### TASK STATEMENT
Return the data word for word. Pictures are to be omitted.

### DATA BLOCK
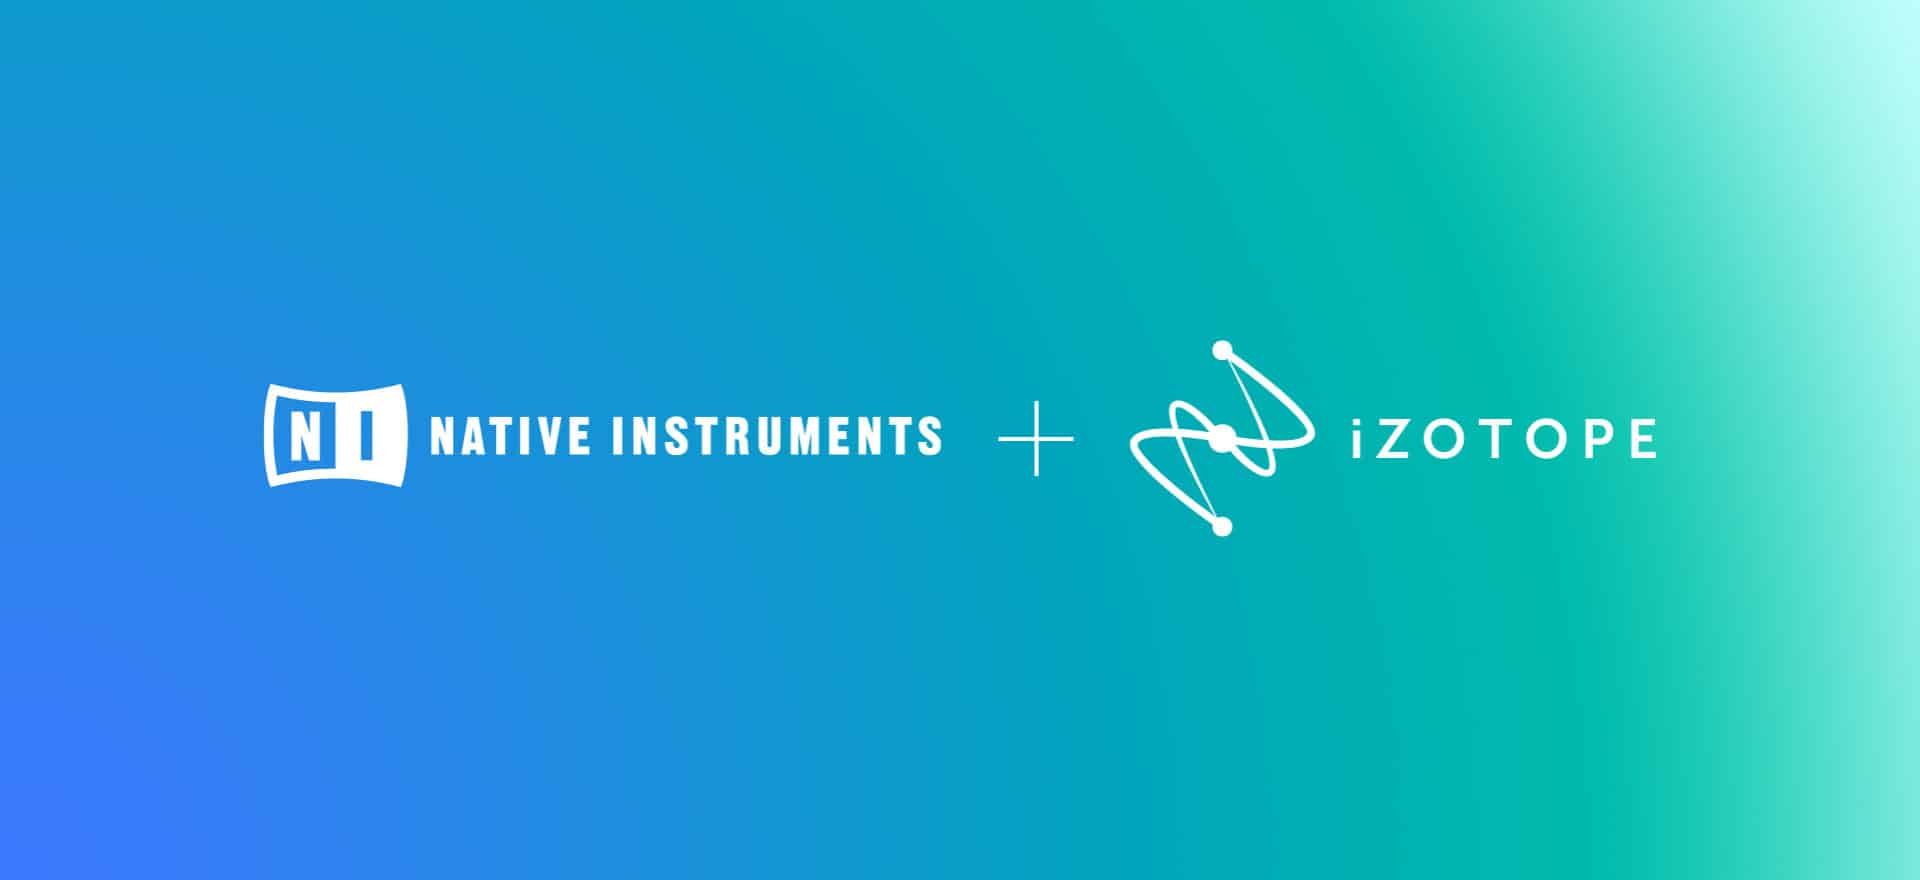 native instruments izotope
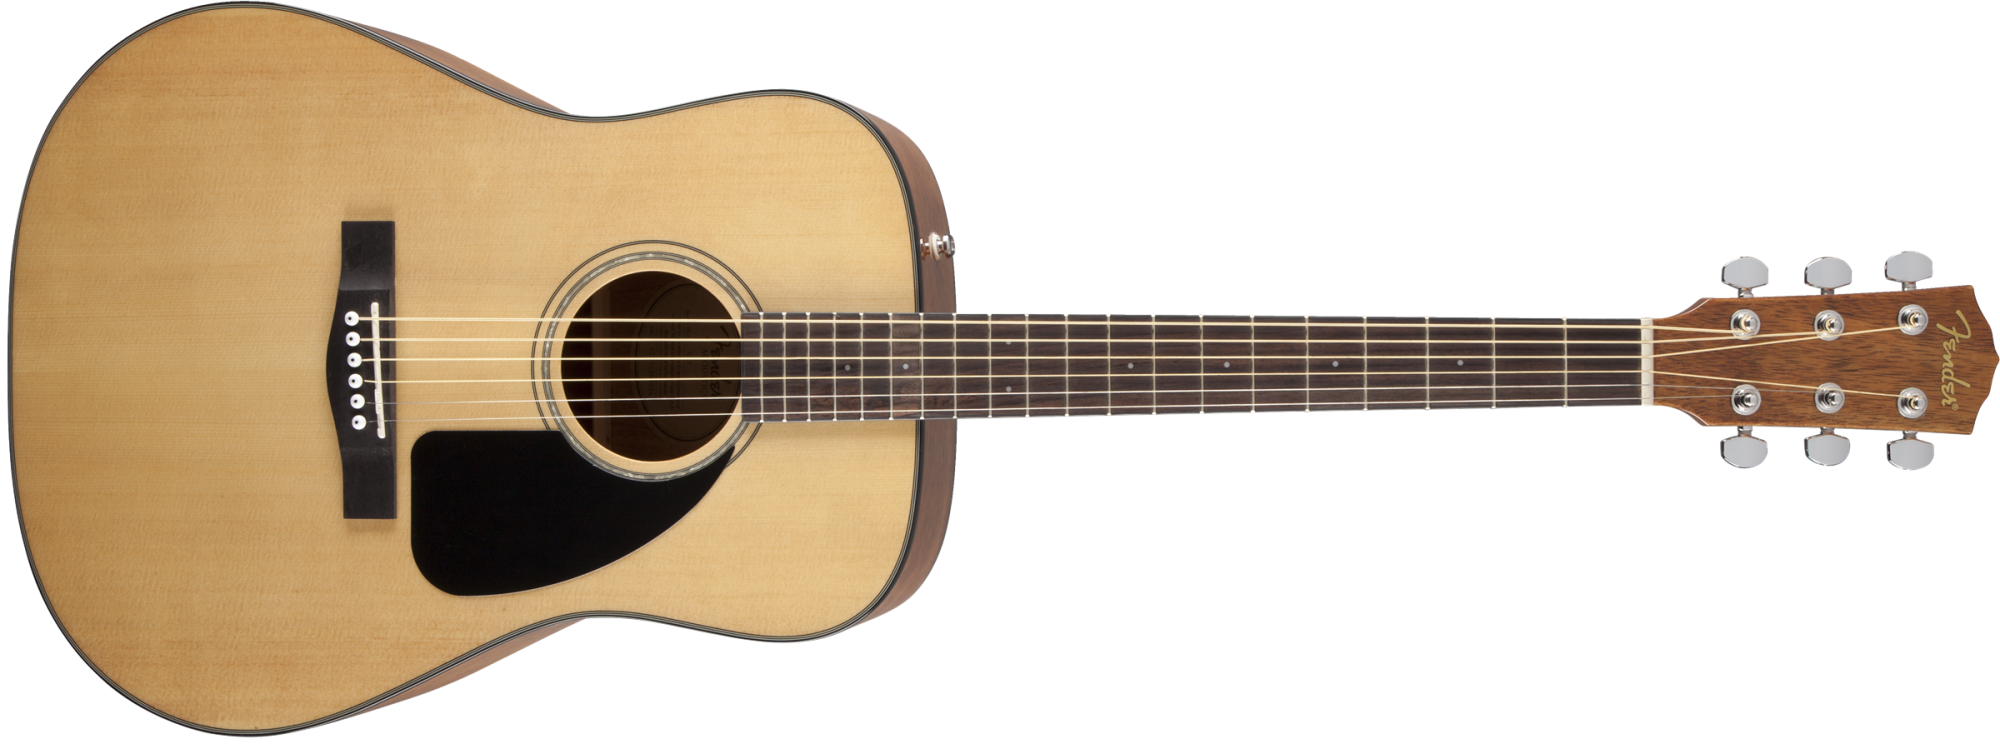 Fender CD-60 Dreadnought V3 w/Hardshell Case, Walnut Fingerboard, Natural
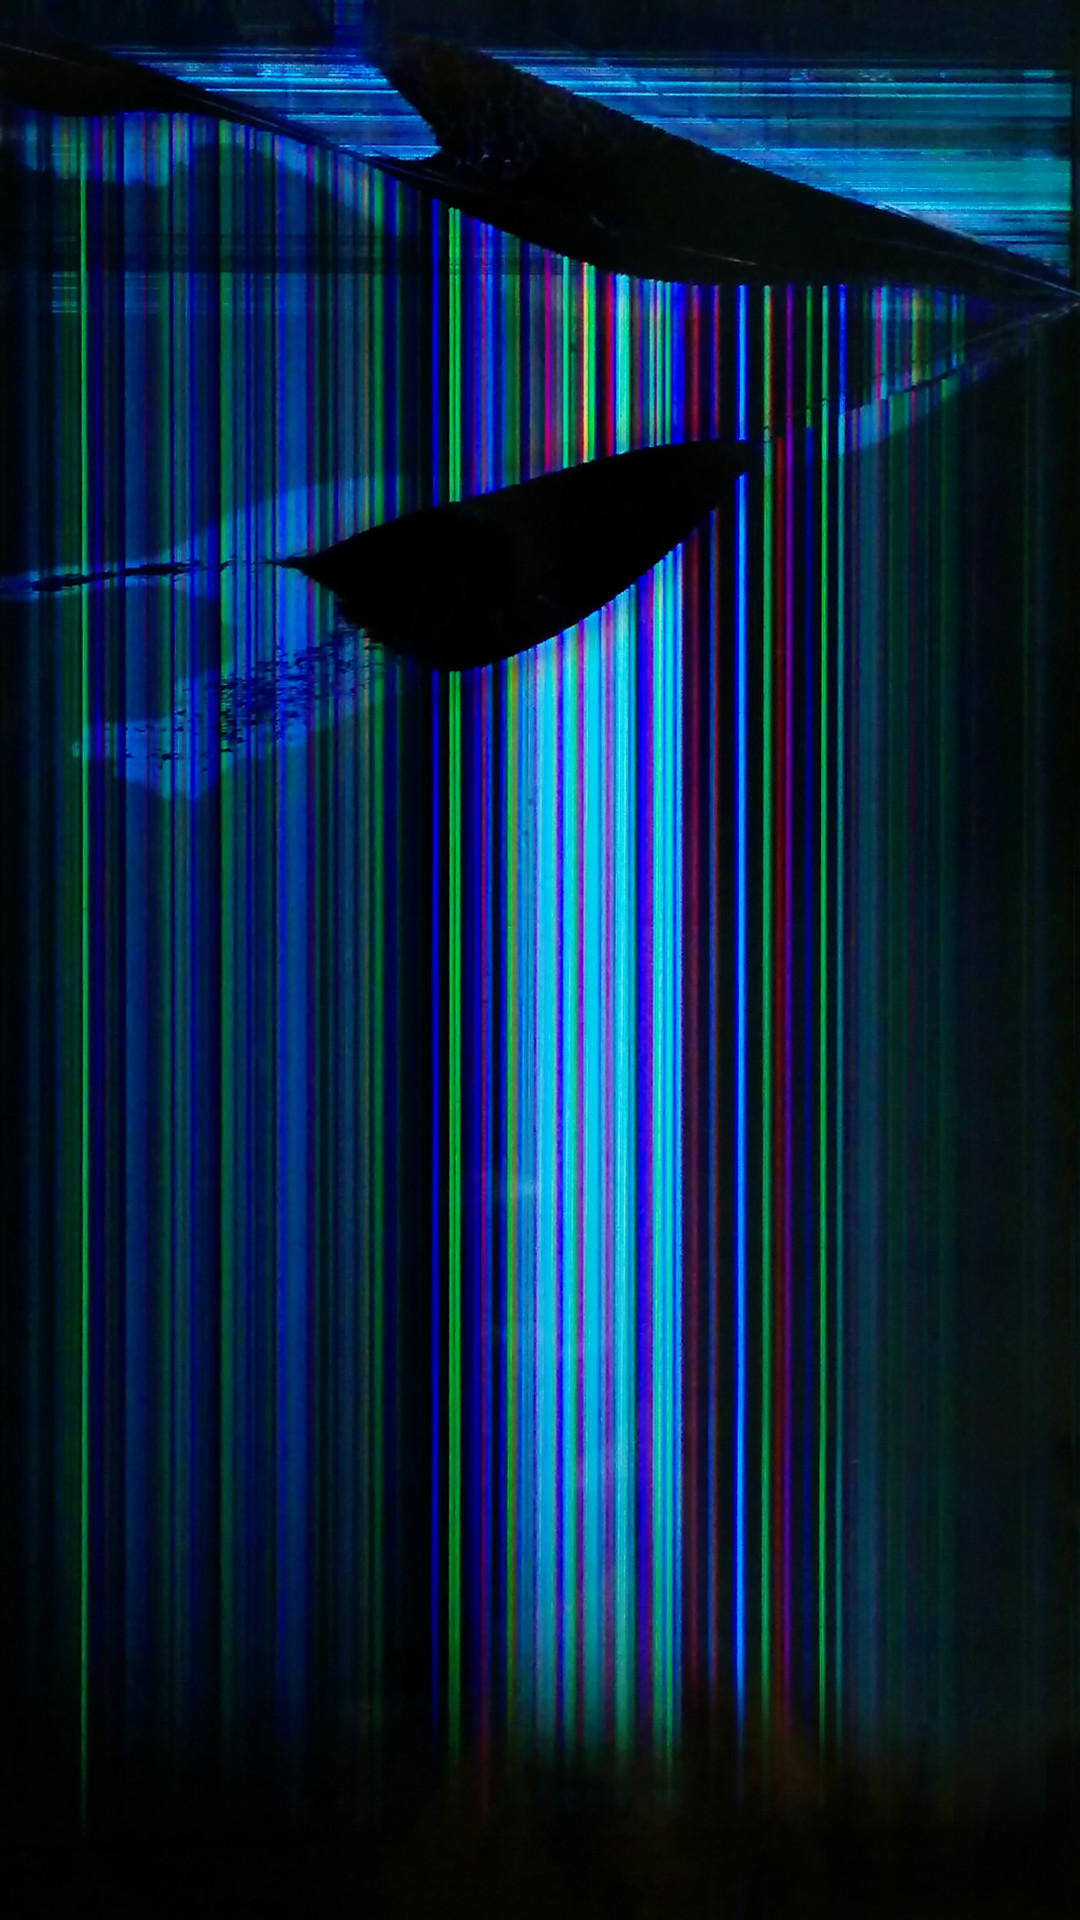 Amazing Wallpaper Home Screen Iphone 4s - 312062  Image_715644.jpg

### SOLUTION FOR THIS TASK
 native instruments izotope
 Fender CD-60 Dreadnought V3 w/Hardshell Case, Walnut Fingerboard, Natural
 Amazing Wallpaper Home Screen Iphone 4s - 312062  Image_715644.jpg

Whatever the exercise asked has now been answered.